2. Your next logical step, that reviewers prejudice each other, is also a possibility, but again to me it depends on the people involved. An additional factor, I suppose, is also the time pressure. I can see how it would be likely for a reviewer to say: “Looks like Joe covered this pretty thoroughly, I’m short on time so I’m gonna’ skim instead of really review.”
3. Tools can help. If some of the reviewers are slackin’ off, a tool that tracks the amount of time they spent in the review will help point that out.
As Jason pointed out: he didn’t set out to study the impact of author preparation, so a controlled experiment would be awesome. Can’t wait to read your results!
@Gregg:
Thanks for the input!
RE 1: True – I may have over-simplified in my post. You’re right: I’ll have to pay attention to what exactly the authors are saying when they’re preparing their code, and *how exactly* the reviews are reacting to it.

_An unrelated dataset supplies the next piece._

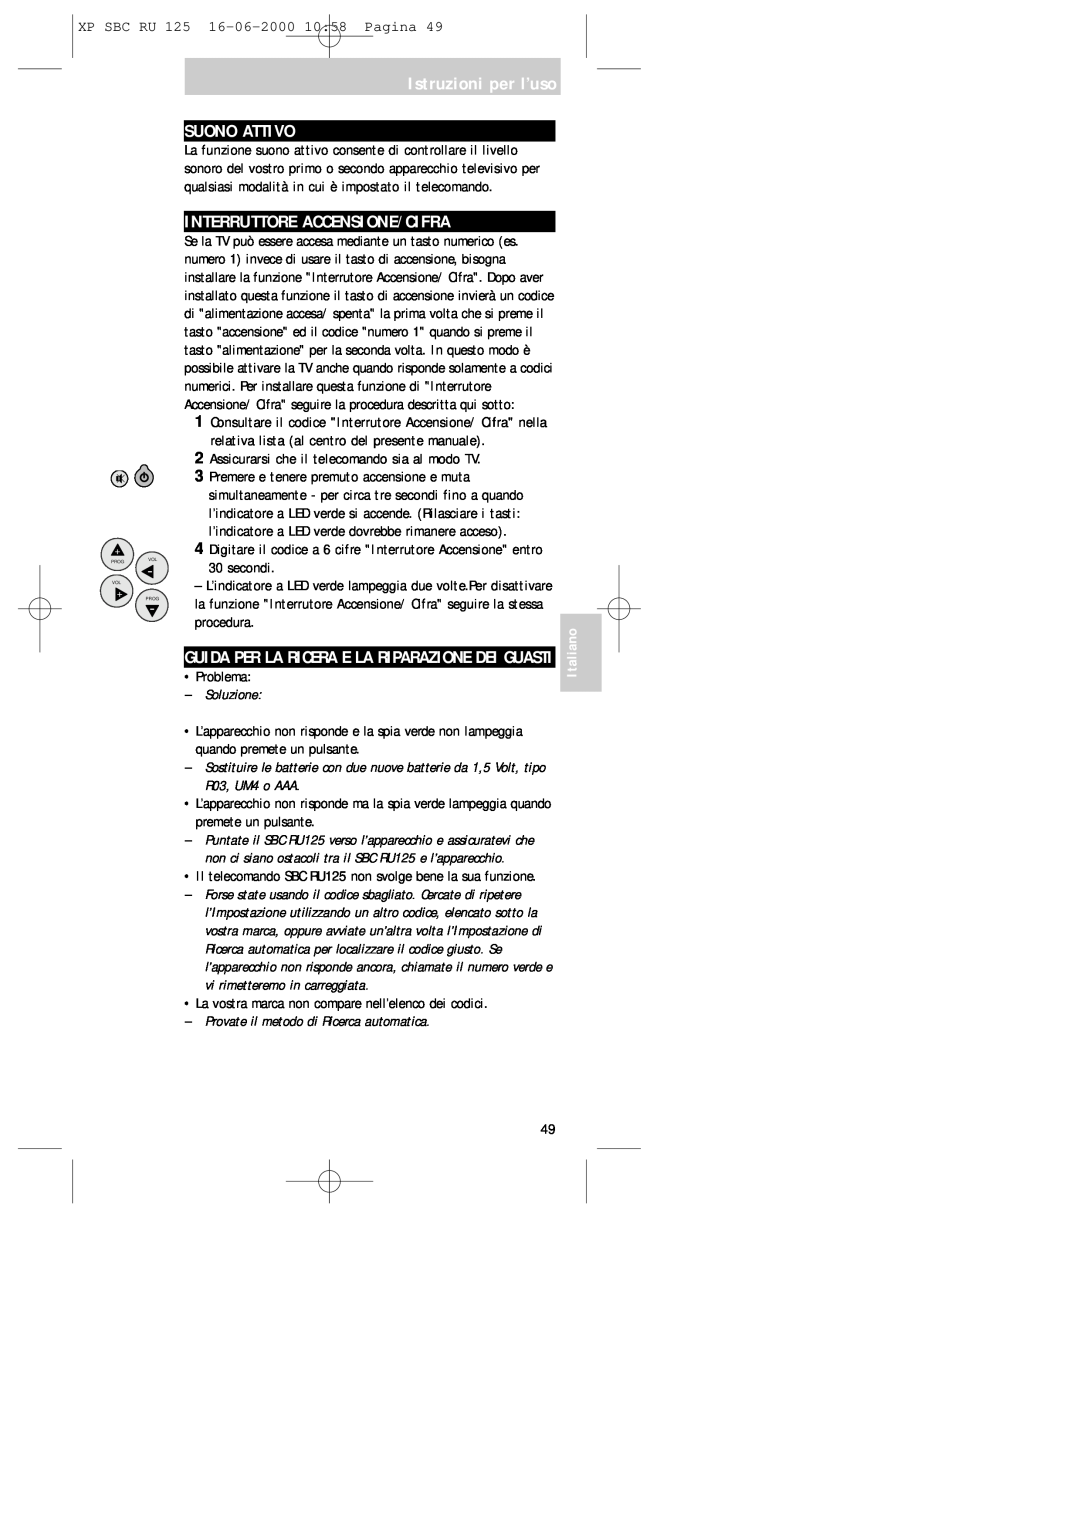 Philips RU125 manual Istruzioni per l’uso SUONO ATTIVO, Interruttore Accensione/Cifra, Italiano 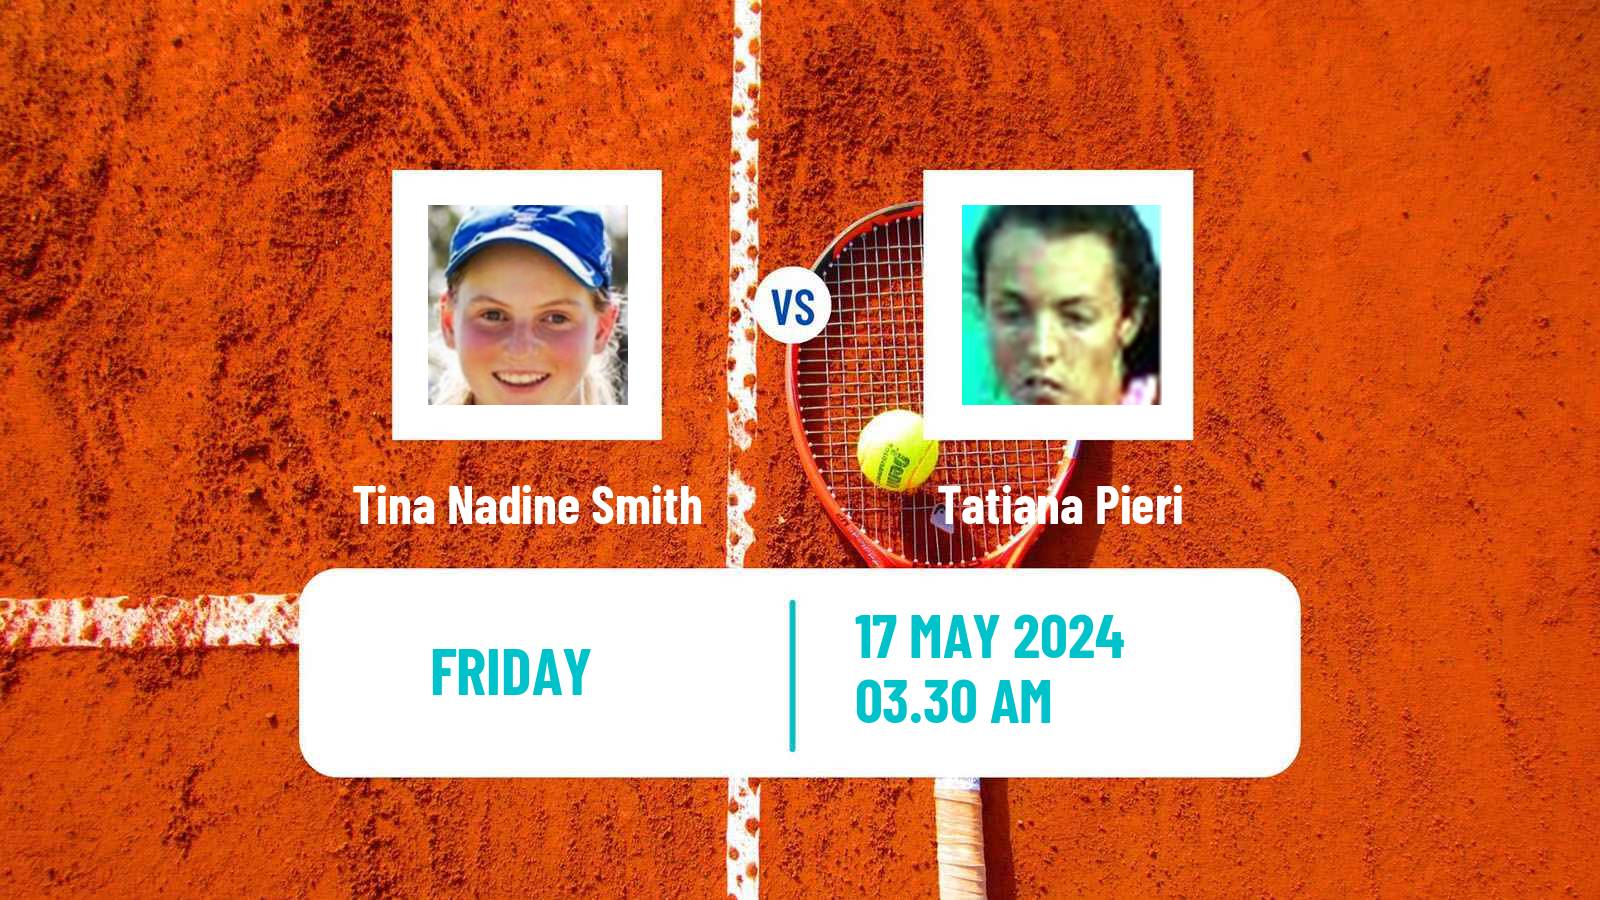 Tennis ITF W35 Villach Women Tina Nadine Smith - Tatiana Pieri

RE 3: True, those tools can help. Inspection rate, defect density and defect rate are a decent start, but they only tell me so much. I want more. I want to know *where* my reviewers looked. I want fine granularity. I don’t just want to know how long they spent looking at a particular file – I want to know how long they spent looking at a particular method. I want to know how long they spent looking at an area of code that’s already been heavily reviewed. I want to know how long they spent looking at an area of code that nobody has said a word about. I want a heat map showing how much each area of the code has been looked at.
In short, I want a lot. 😉
Awesome analysis, and I completely agree that a proper experiment of this point would be invaluable, and that the original data here wasn’t experimental at all.
In fact, I think the (self-)selection bias you mention might even be the entire story — more thoughtful developers will probably want to discuss their code.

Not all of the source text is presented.